Manhattan woke up after Tuesday’s blizzard to find the city snowed in, with some of the citizens more snowed in than others. The snow on the streets was deeper on the Upper East Side, the fashionable, expensive neighborhoods of the rich and the elite, and the very liberal.

They wouldn’t be able to get to their fashionable appointments, not even fashionably late. They were forced to confront the cold, uncomfortable fact that they got what they voted for.

Faithful to Mayor Bill de Blasio’s idea of “two New Yorks,” the snowplows abandoned the wealthy and promptly cleared the streets in less-prestigious ZIP codes. This shouldn’t have surprised anyone.
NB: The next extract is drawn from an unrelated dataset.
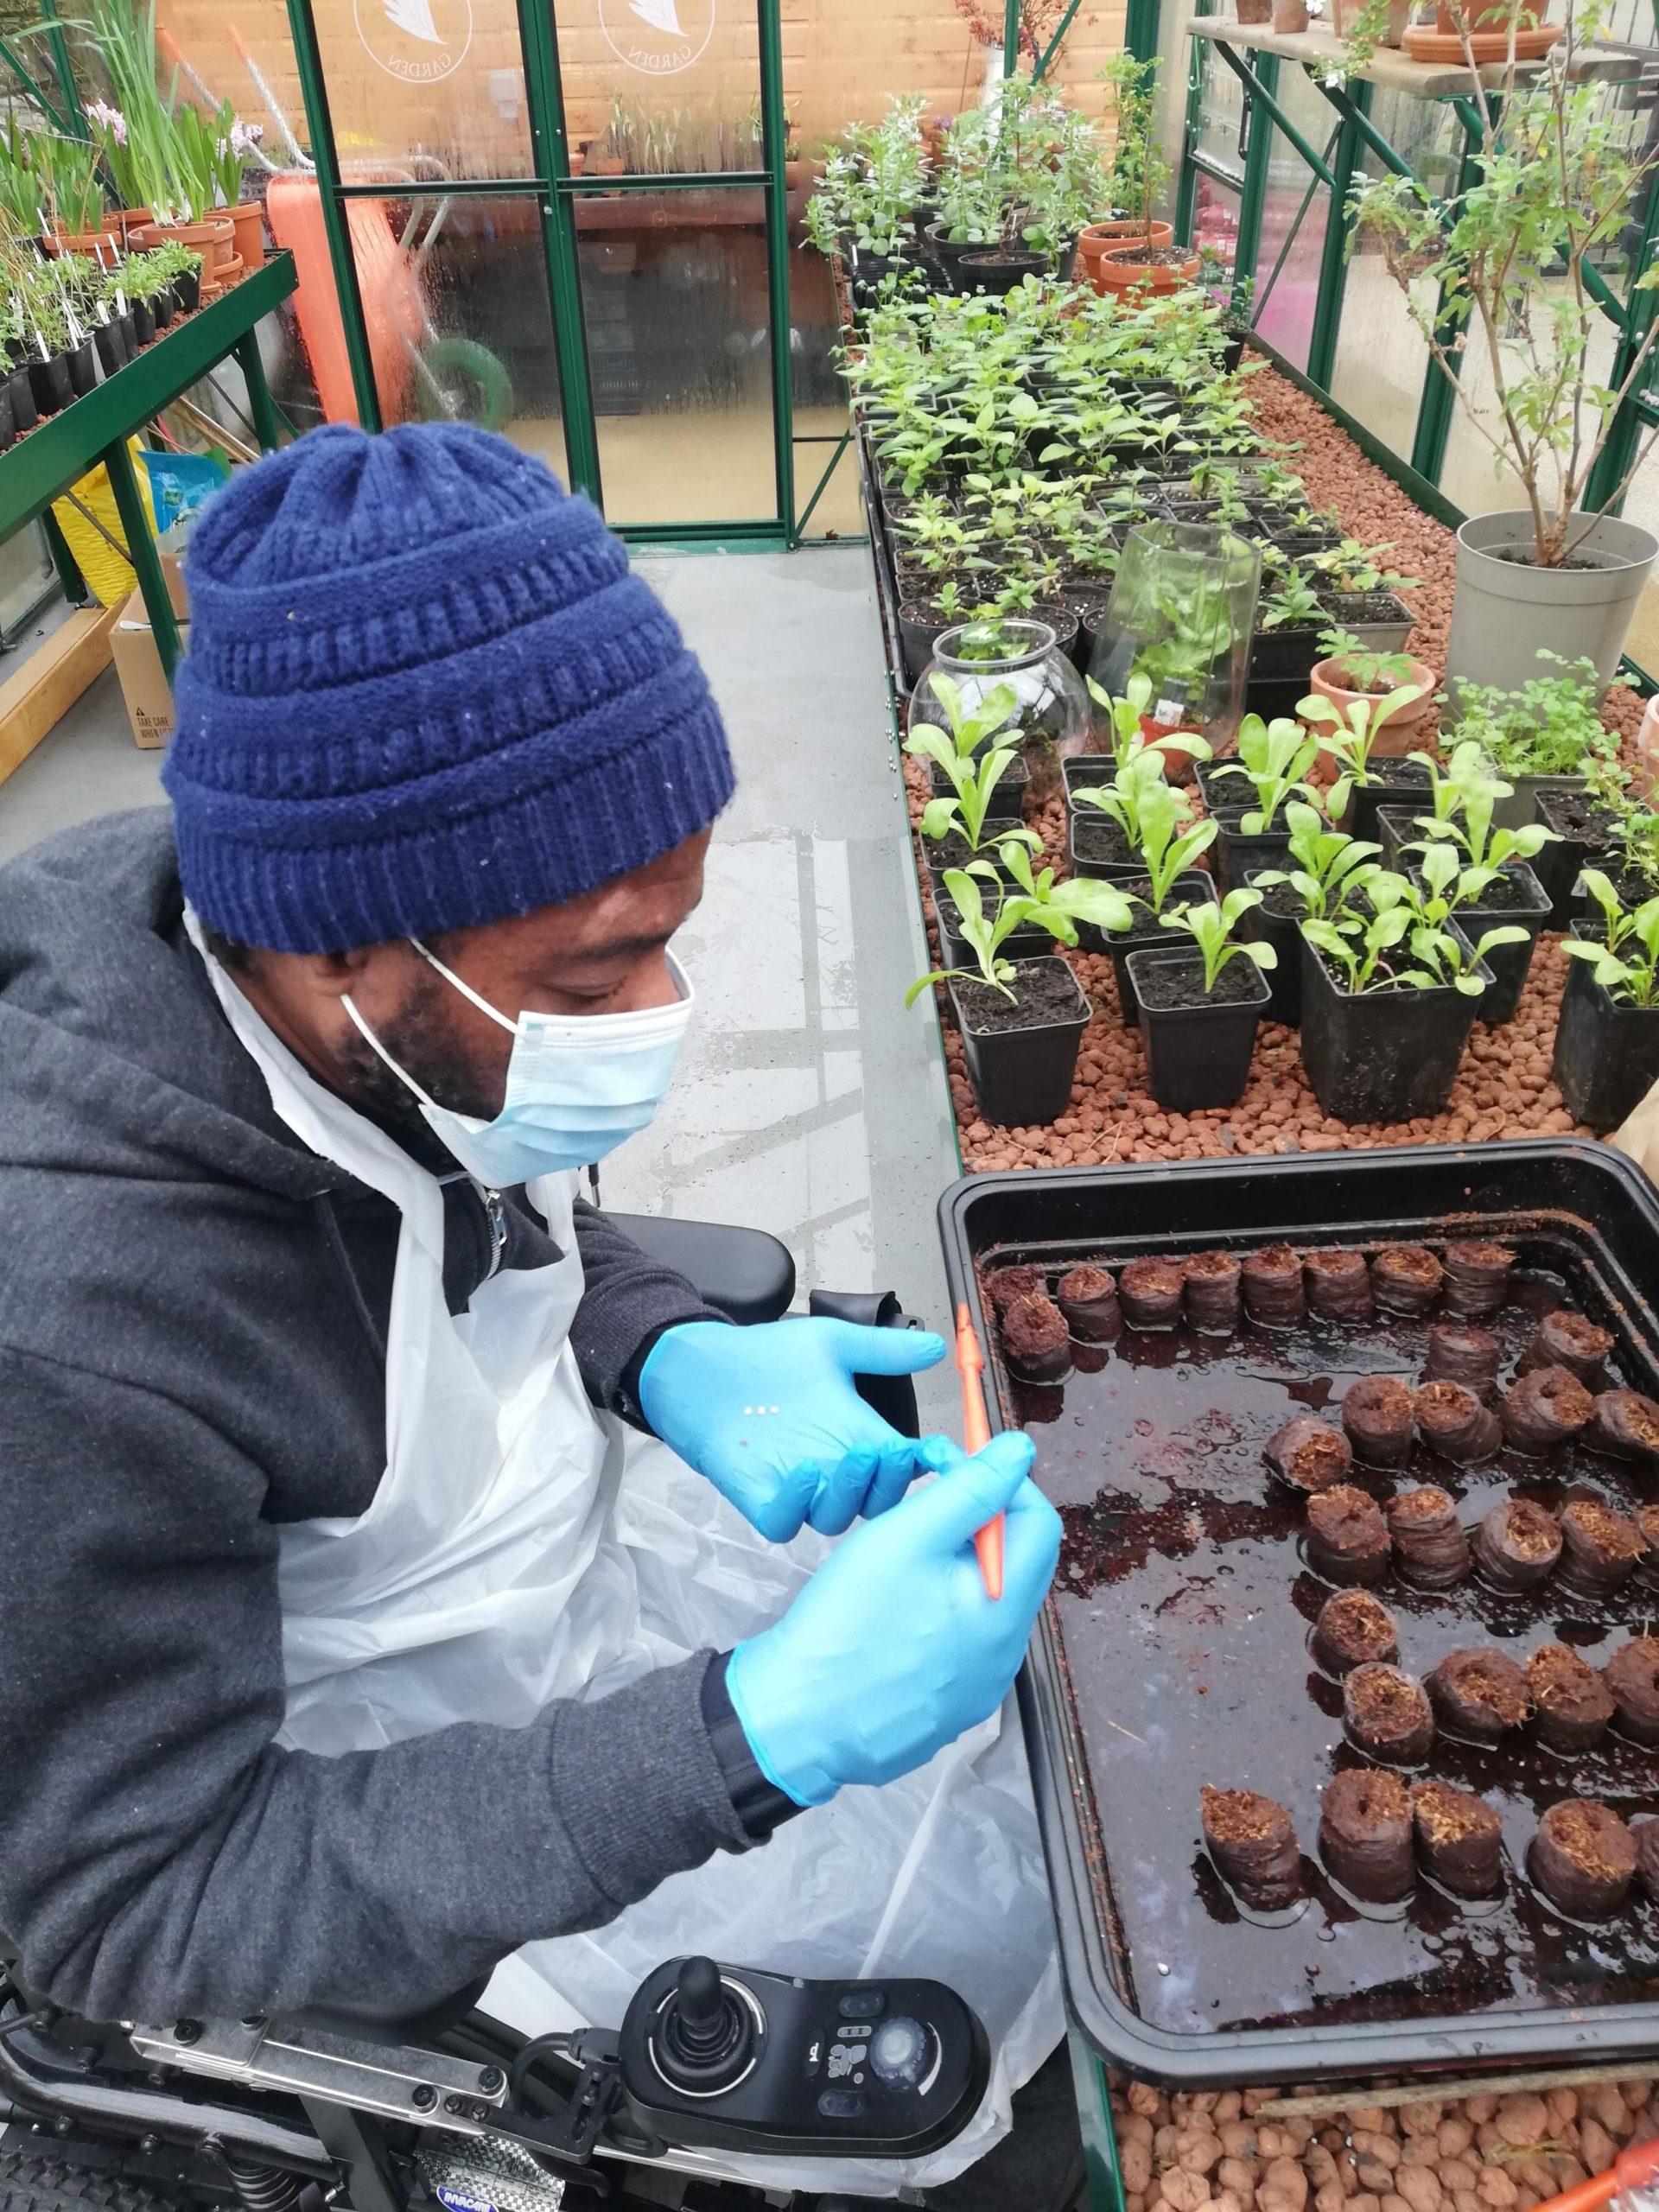 Curtis Planting Seeds

Mr. de Blasio assumed the mayoral sash from Michael R. Bloomberg after campaigning as the class warrior, sharply contrasting with the billionaire he replaced.

Denizens of the Upper East Side, a Democratic stronghold where the average homeowner’s income is $250,000 or more, didn’t understand that Mr. de Blasio actually meant to follow through on his promise to stick it to the rich.
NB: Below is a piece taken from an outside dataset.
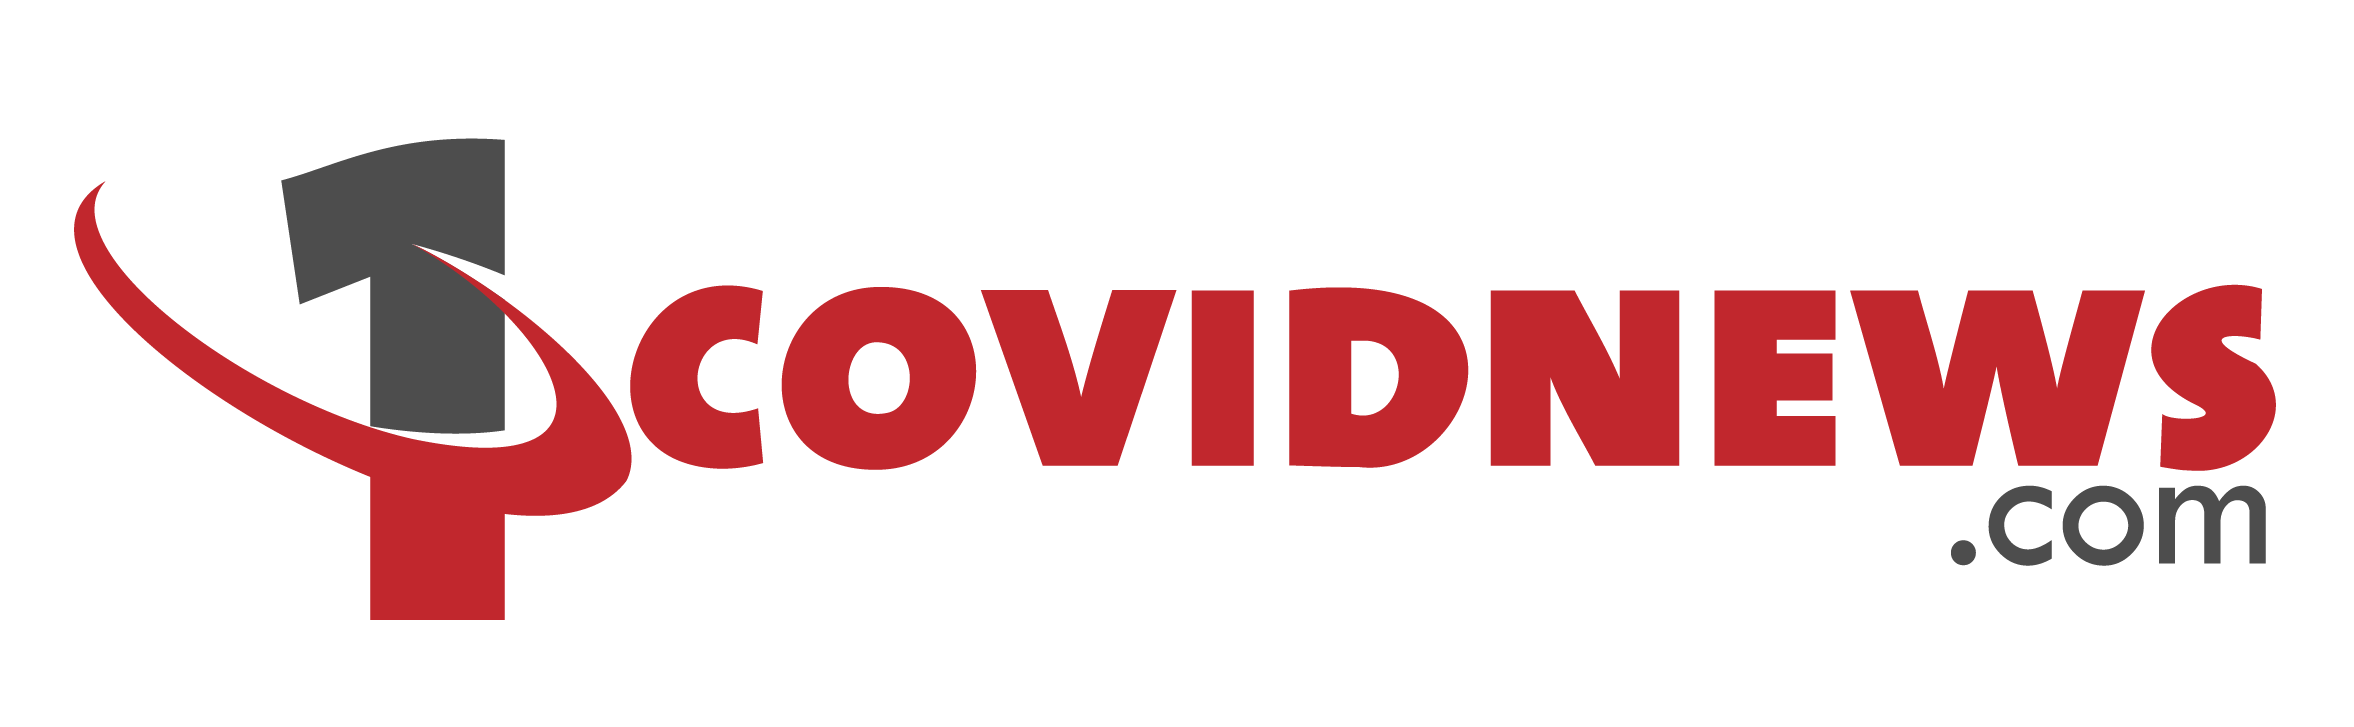 1CovidNews
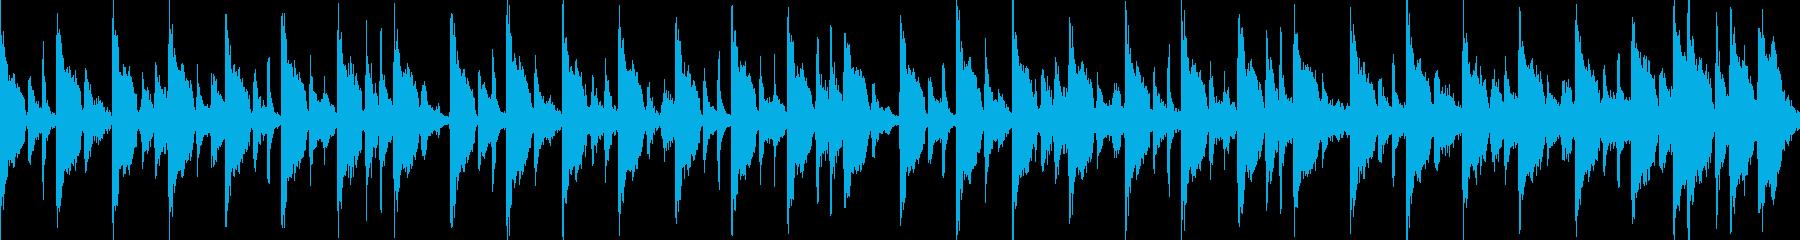 (loop)かけ足ハウスの再生済みの波形

His Honor denies the charge of plow favoritism. “It’s just not accurate,” he insisted at a press conference. “We had a coordinated, intense citywide response.” The city’s website clearly showed the streets on the Upper East side unplowed, but Mr. de Blasio’s lieutenants insist this was the result of “faulty GPS sensors” relaying incorrect information to headquarters.
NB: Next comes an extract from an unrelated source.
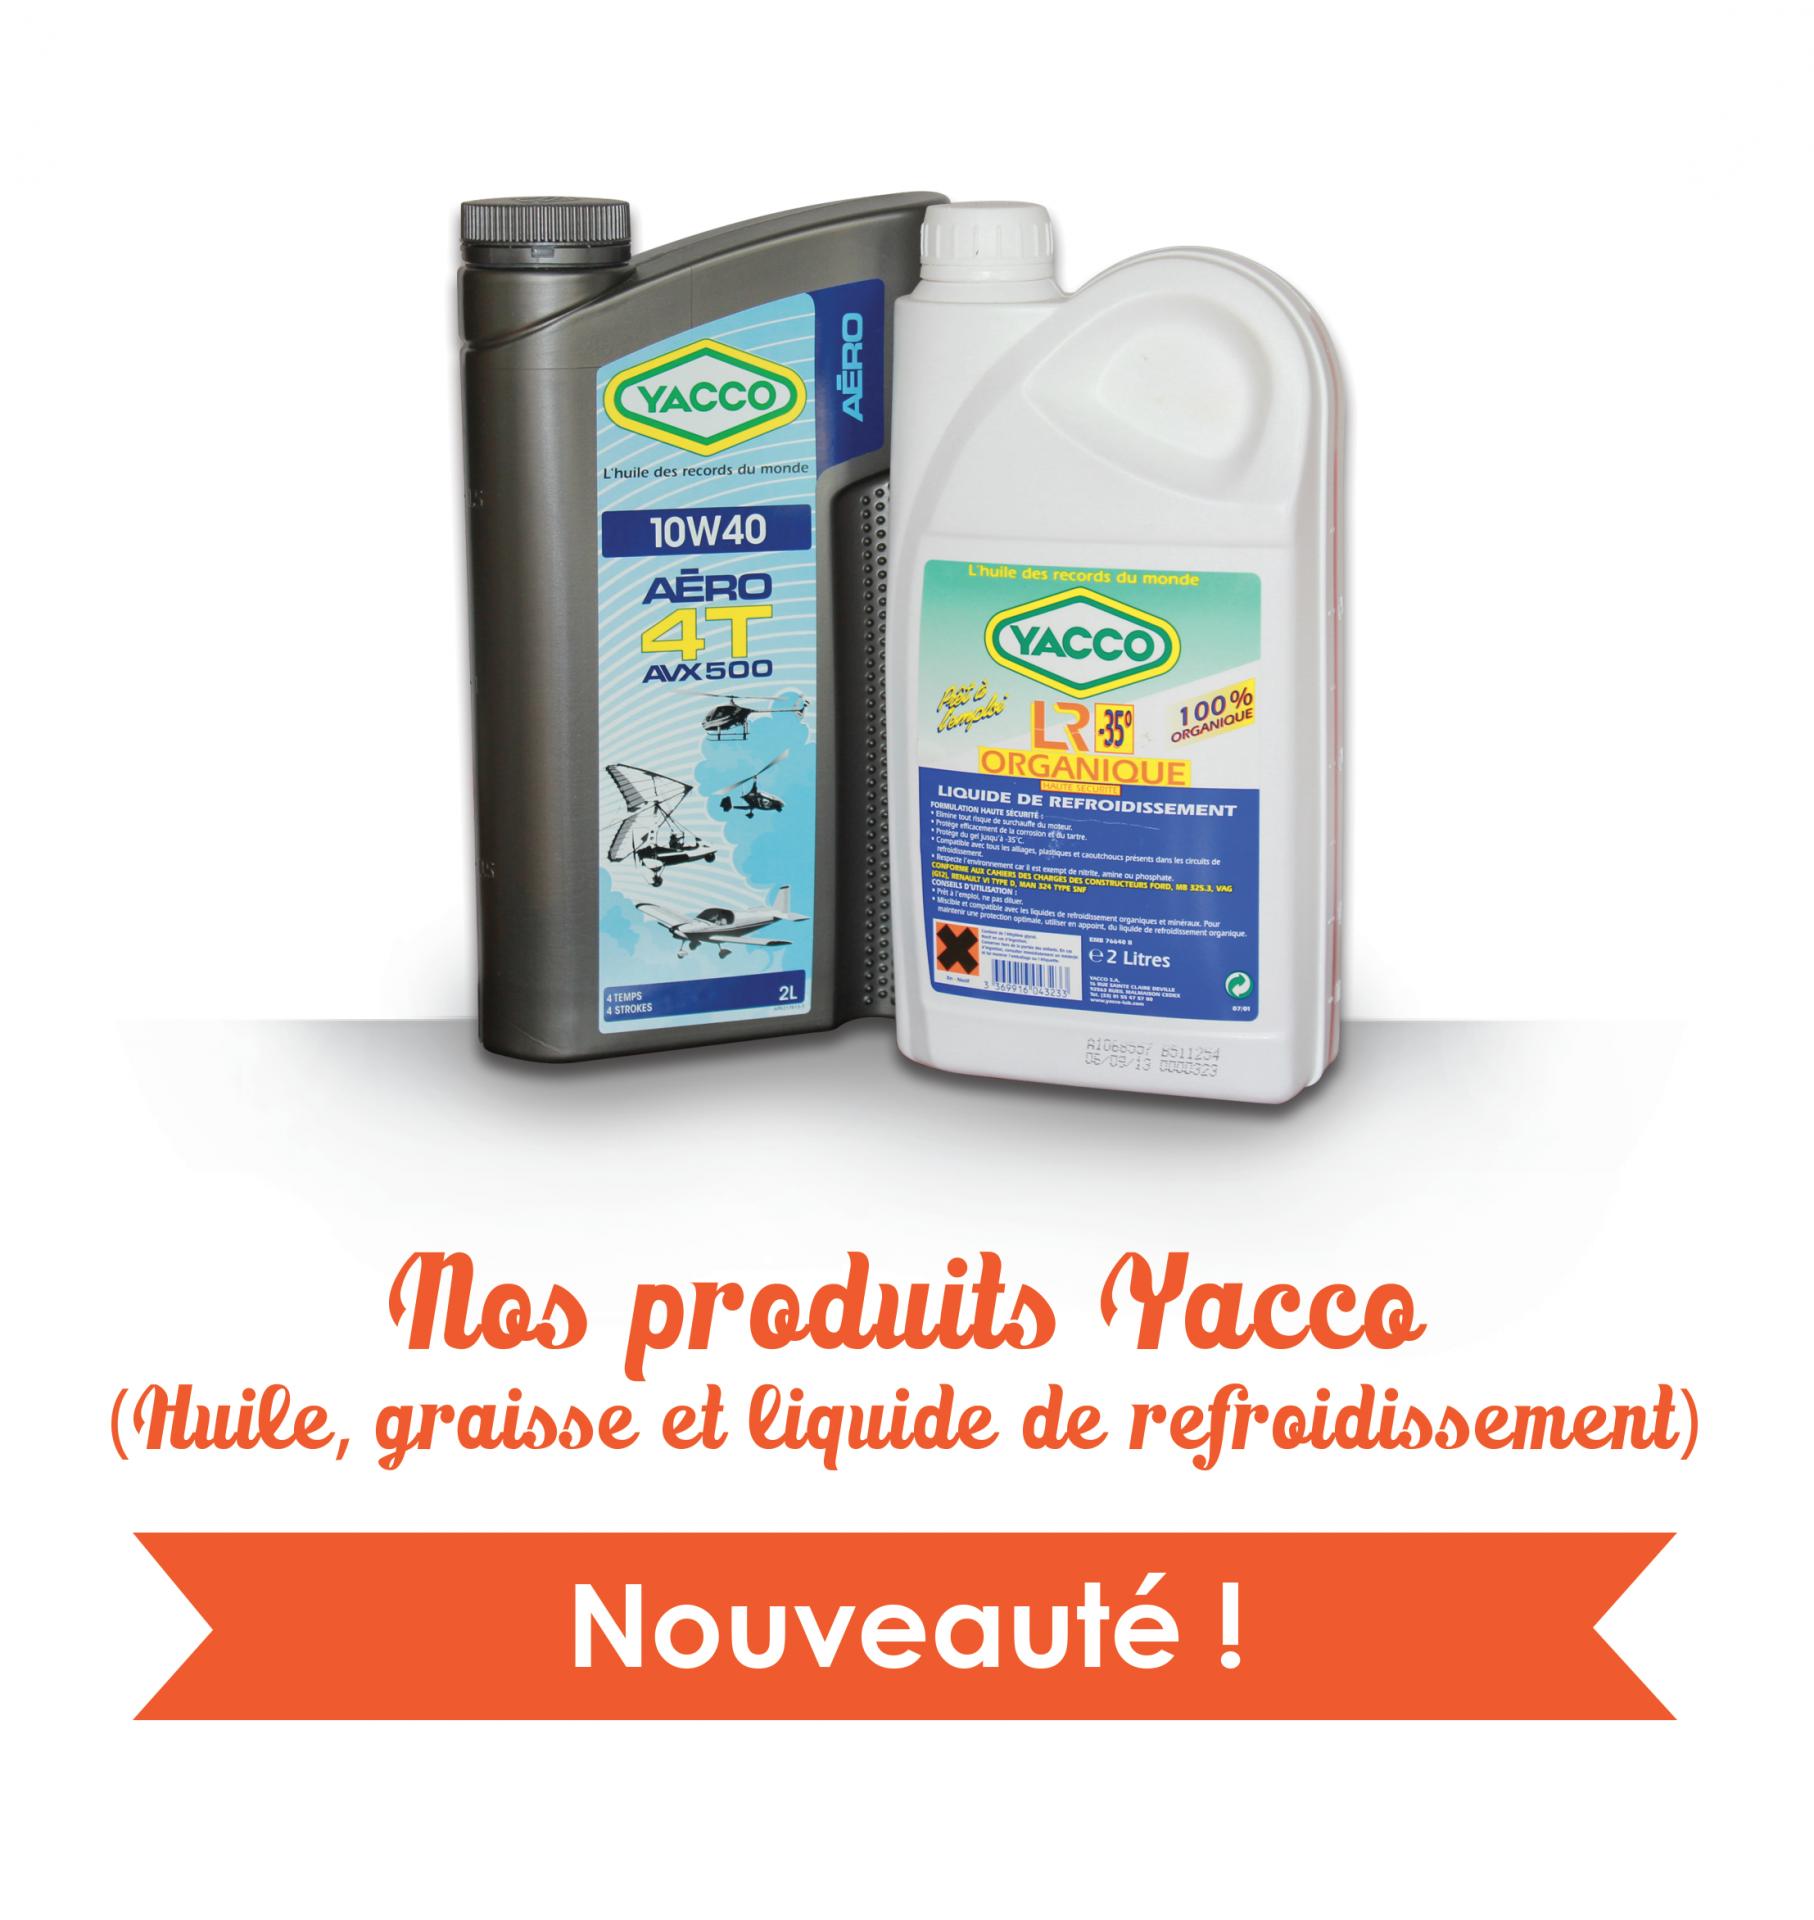 Produits yacco 3

Television news accounts, however, showed video footage of clear streets in most of Manhattan with the plutocratic avenues remaining under thick sheets of snow and ice. Even pedestrians couldn’t move. Surely, not all of the GPS sensors live on the Upper East Side.

Mr. de Blasio has replaced Chris Christie as the king of snarled traffic, imposed with a strong hint of payback. The Upper East Side gave Mr. de Blasio just 28 percent of the vote in the Democratic primary, preferring two others running for City Hall.

In the general election, of course, the neighborhood enthusiastically backed Mr. de Blasio, as it does any candidate with the “D” after his name. There’s nevertheless evidence, or at least informed suspicion, that certain mayoral aides considered this an insufficient display of loyalty.

It’s entirely possible that it’s just a coincidence that there were two New Yorks on Tuesday evening — plowed and unplowed. We probably won’t ever know for sure. The mayor’s administration should have learned from New Jersey that they must never put their true motives in writing.

The scandal isn’t likely to crowd Mr. Christie’s traffic woes from the memories and imaginations on the Upper East Side. These are Democrats vs. Democrats, after all, and keeping fights in the family is a nice thing to do.

Every Manhattan precinct went for Barack Obama in 2012 with the exception of a tiny, 10-vote polling station. The home island of Wall Street gave Mr. Obama 81 percent of the vote, and Goldman Sachs, JPMorgan Chase and Citigroup were among the top-10 donors to Mr. Obama.

There’s no mystery about Wall Street’s embrace of Mr. Obama and Mr. de Blasio. The wealthy can afford high taxes, and they regard control of regulation as key to keeping control of everything — the culture, the economy and the society. Government red tape keeps upstart competitors out of the marketplace.

This crony arrangement supplies the bread and butter to the Democratic Party. The liberal denizens of the Upper East Side just didn’t realize they would have to shovel their own streets.